In our judgment, the PSC’s justification, based on ratepayers’ funding of NYT’s interest in Bellcore, affords a rational basis for the surcredit order. Matter of Rochester Tel. Corp. v Public Serv. Commn. (87 NY2d 17, supra) supports the PSC’s exercise of its authority here. There, we upheld a PSC rate determination which imputed royalty income to the utility “to compensate ratepayers for the free transfer of intangible assets *51to RTC’s [unregulated] affiliate” (id., at 25). Those assets included the utility’s “name and reputation” (id., at 28). In that case, the petitioner, Rochester Telephone, objected on a ground similar to that asserted by NYT here, that those assets were not part of the rate base and, hence, transactions involving them, whether donated or sold, were beyond rate-making consideration. Thus, Rochester Telephone asserted that the PSC’s order “improperly permits ratepayers to benefit from a non-rate-making asset because the utility does not earn a rate of return on the utility’s name and reputation” (id.). Notwithstanding that those intangible assets were not included in the utility’s rate base, we upheld the rate adjustment’s imputation of royalties on transfers of those assets in Rochester Tel. Corp. because “the ratepayers have borne the costs for creating value in * * * those assets” (id., at 29 [emphasis supplied]). Identically, here, because NYT’s customers bore the costs of creating the intrastate portion of Bellcore’s value, they are entitled to reap the corresponding share of NYT’s gains on the sale of Bellcore.

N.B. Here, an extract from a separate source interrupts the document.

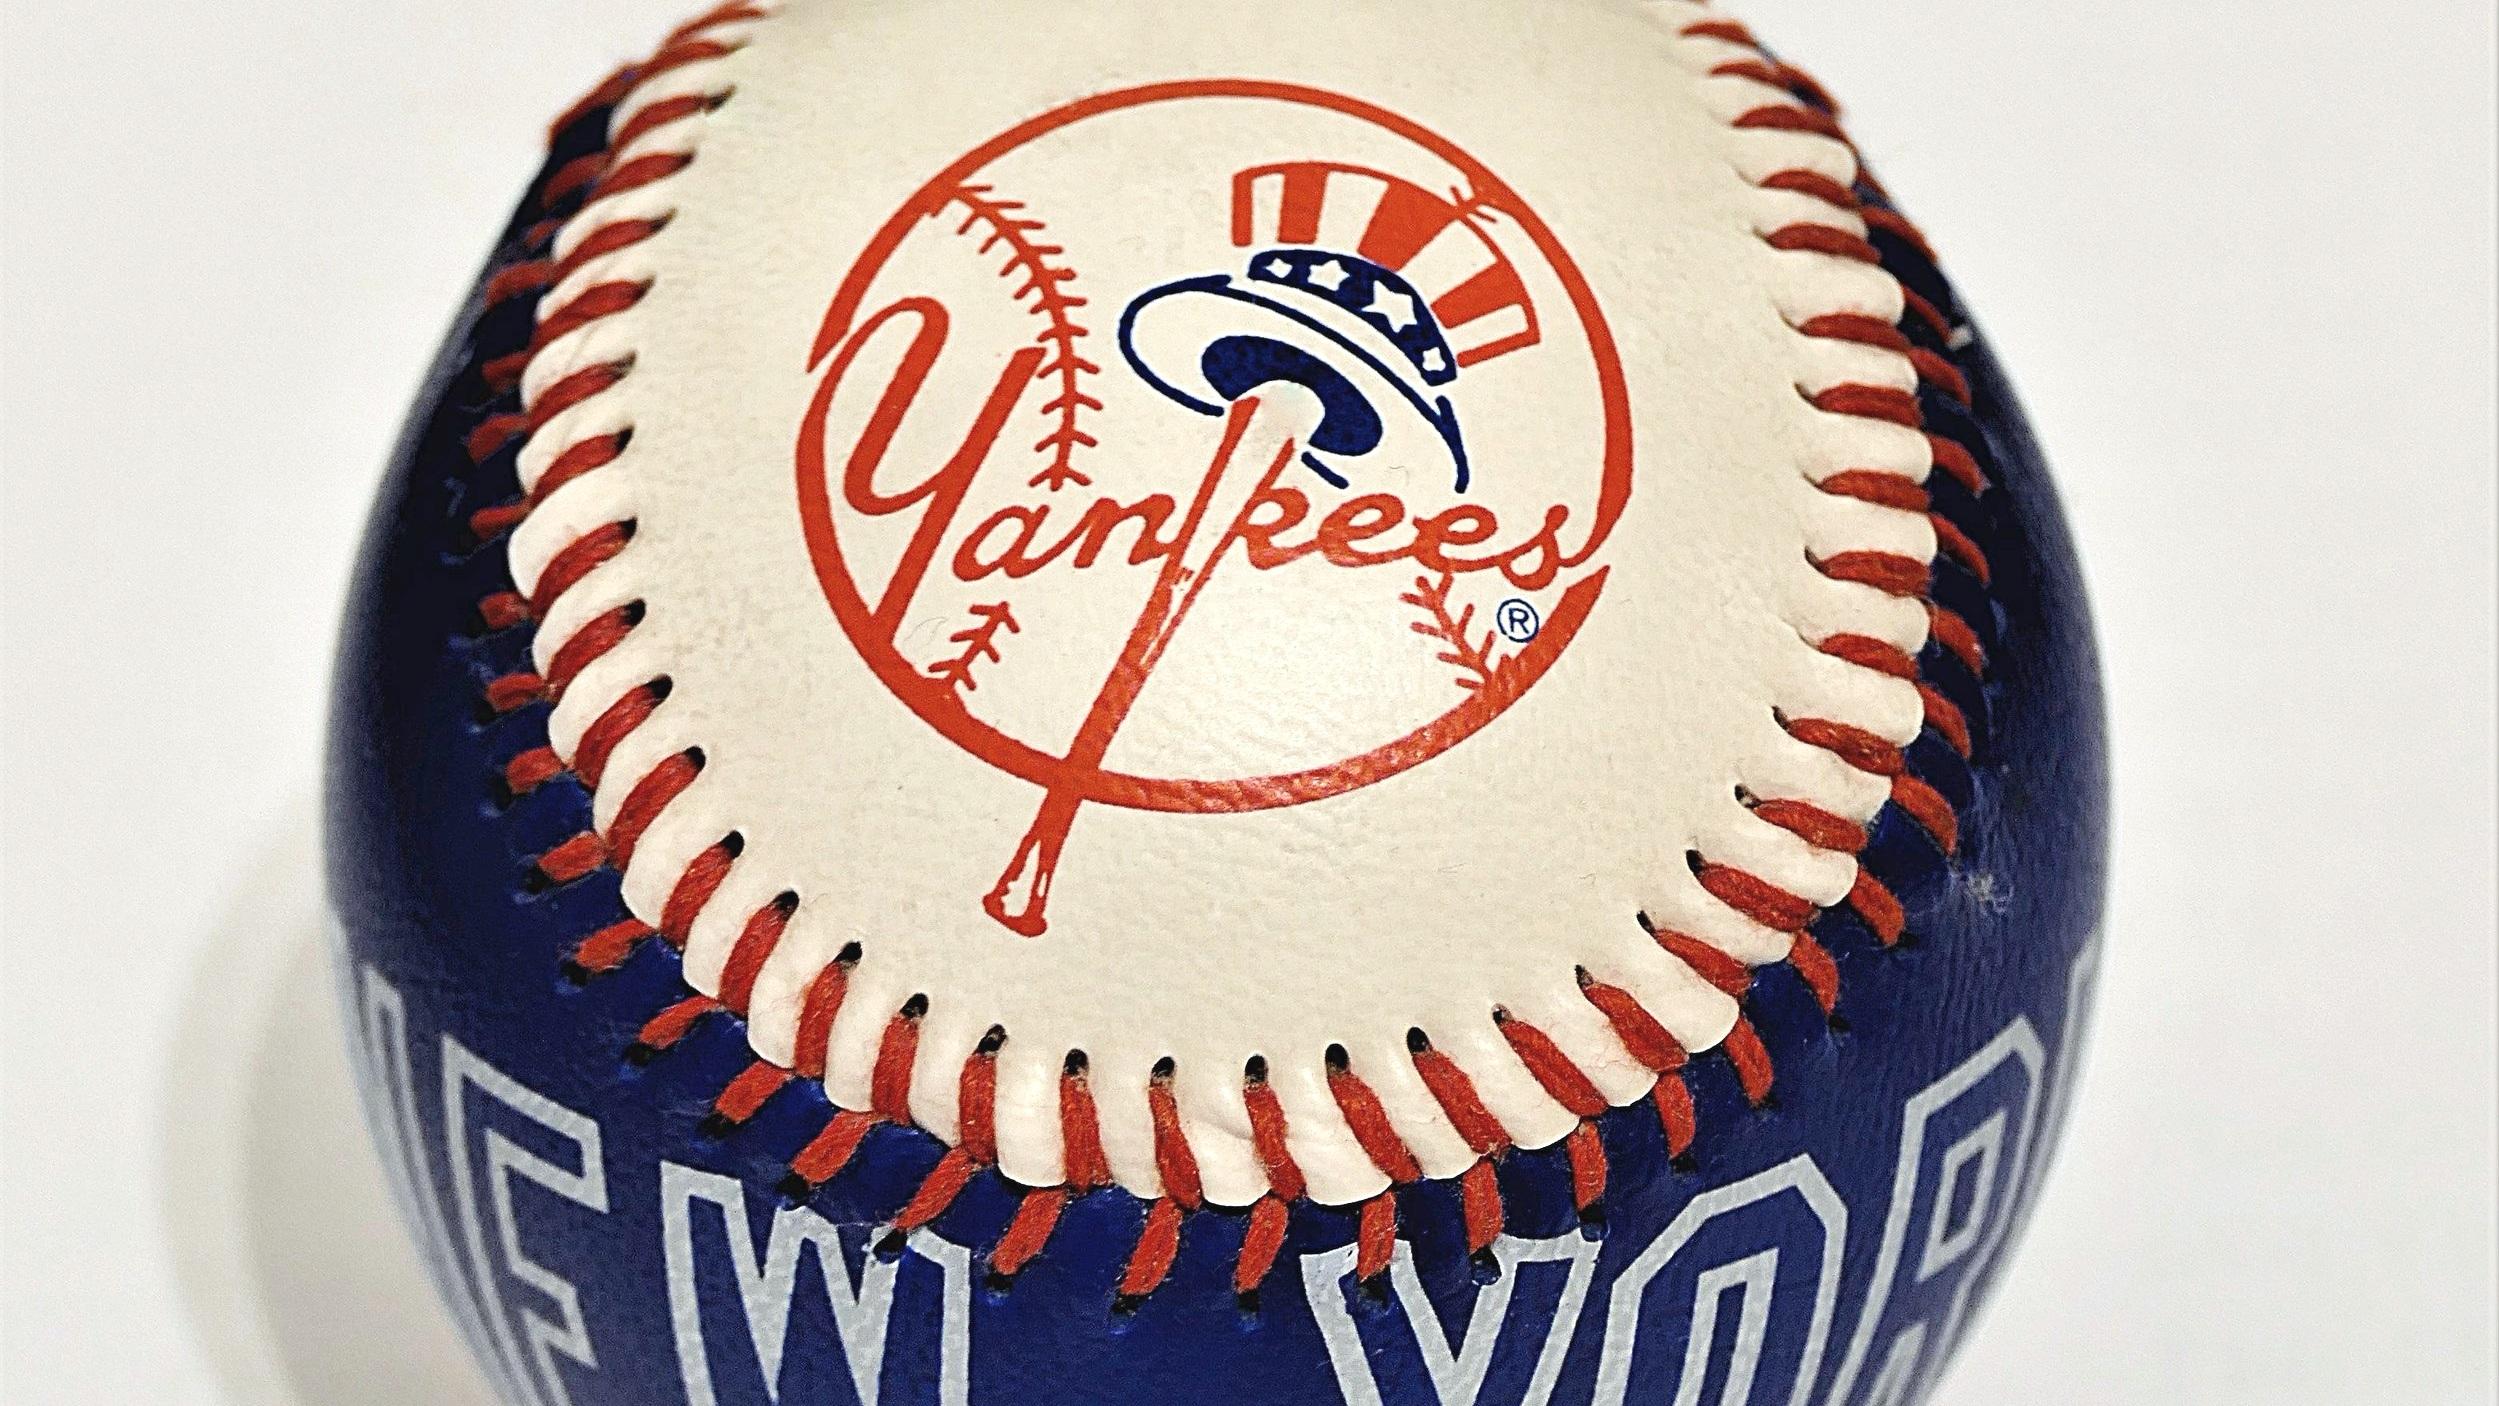 Stjärnor - Problemet för Yankees under 2019 är att de dras med många skador men ett friskt lag bjuder på namn som Aaron Judge (outfielder), Giancarlo Stanton (outfielder), Gary Sanchez (catcher) och center fieldern Aaron Hicks. Men en resa till Yankee Stadium och ett friskt Yankees bjuder alltid på en stjärnkavalkad.

Even if, as NYT contends, the risk of any loss on the sale of Bellcore would have been exclusively borne by NYT’s shareholders, the reality was that in fully funding the Bellcore investment through telephone rates, NYT’s customers effectively eliminated that risk, guaranteed the maintenance of Bellcore’s value and funded Bellcore dividends to shareholders, including NYT (see, Democratic Cent. Comm. v Washington Metro. Area Tr. Commn., supra, 485 F2d, at 806 [“an investor can hardly muster any equitable support for a claim to appreciation in asset value where he has been shielded against the risk of loss on his investment, or has already been rewarded for taking on that risk”]).

Accordingly, the order of the Appellate Division should be reversed, with costs, and the matter remitted to the Appellate Division for consideration of “additional contentions” (258 AD2d, at 239) raised but not determined on the appeal to that Court.

Chief Judge Kaye and Judges Bellacosa, Smith, Ciparick, Wesley and Rosenblatt concur.

Order reversed, etc.

Moreover, NYT waived any entitlement to additional rate hearings it may have had under Public Service Law § 97 (1). The PSC’s decision not to address the rate treatment of the sale of Bellcore when it approved the PRP was based on NYT’s explicit “understanding that no further hearings will be necessary.”